Fun facts about corefiles
By eschrock on Jun 22, 2004
All you developers out there are probably well acquainted with corefiles. Every CS student has had a program try to dereference a NULL pointer at least once. Frequent use of assert(3c) causes your program to abort(3c) in exceptional circumstances. Unfortunately, too many developers know little else about corefiles. They are often used for nothing more than a stack backtrace or a quick session with dbx. We in the Solaris group take corefiles very seriously - they get the same amount of attention as crash dumps. Over the past few releases, we've added some great features to Solaris relating to corefiles that not everyone may be familiar with, including some really great stuff in Solaris 10. Here is a short list of some of the things that can make your life easier as a developer, especially when servicing problems from the field.
The gcore(1) command will generate a corefile from a running program - essentially a snapshot at that point in time. The process will continue on as if nothing has happened, crucial when an app is misbehaving in a non-fatal way and you don't want to resort to SIGABRT. Rather than trying to reproduce it or get access to the system while it is running, the customer can simply gcore the process and forward the corefile.
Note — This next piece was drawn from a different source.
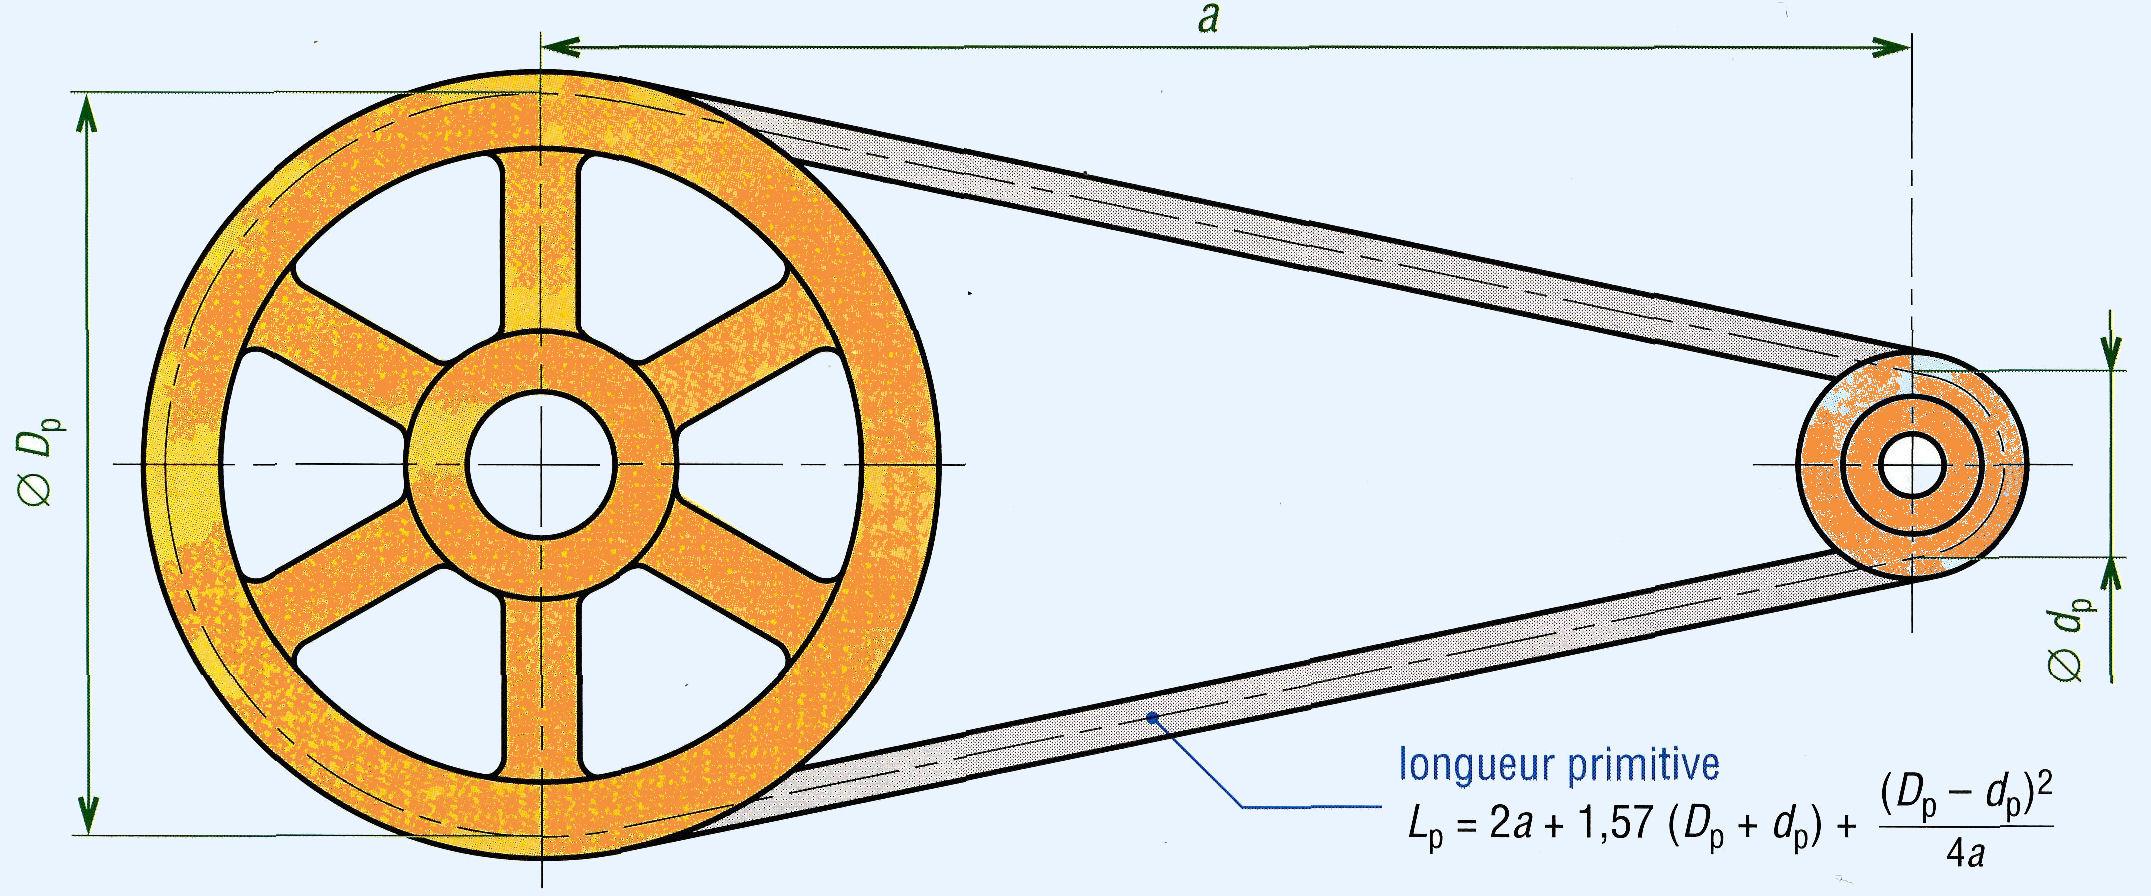 Calcul d 39 une courroie trapezoidale - Comment calculer quantite de peinture ...

This is a command that system administrators and developers alike should be familiar with. If you run a non-development server, processes should never coredump. Unless it's intentional (like sending SIGABRT or mucking about in /proc), every corefile produced is a bug. Admins can log all corefiles to a central location, so they know whom to blame when something goes wrong (usually us). Developers can have fine-grained control over the content of the corefile and where it gets saved. Having dozens of files named 'core' in every directory usually isn't the most helpful thing in the world.
Starting in Solaris 10, we now have fine-grained control over the exact content of every corefile generated on the system (many thanks to Adam Leventhal for this). Read up on coreadm(1M) for all the gory details, but the most important thing is that we now have library text segments with the corefile. It used to be that if you got a core from a customer, you would need to find a matching version of every library they linked to in order to decipher what was going on. This made debugging complicated customer problems extremely difficult.
CTF data for libraries
We have supported a special form of debugging information known as CTF ("Compact Type Format") in the kernel since Solaris 9. We take the debugging information generated by the '-g' compiler flag, and strip out everything but the type information. It is stored in a compact format so it is suitable for shipping with production binaries. This information is enormously useful, so we added userland support for it in Solaris 10. MDB consumes this information, so you can do interesting things like ::print a socket structure from a core generated by your production app. Unfortunately, the tools used to convert this information from STABS are not publicly available yet, so you cannot add CTF data to your own application. We're working on it.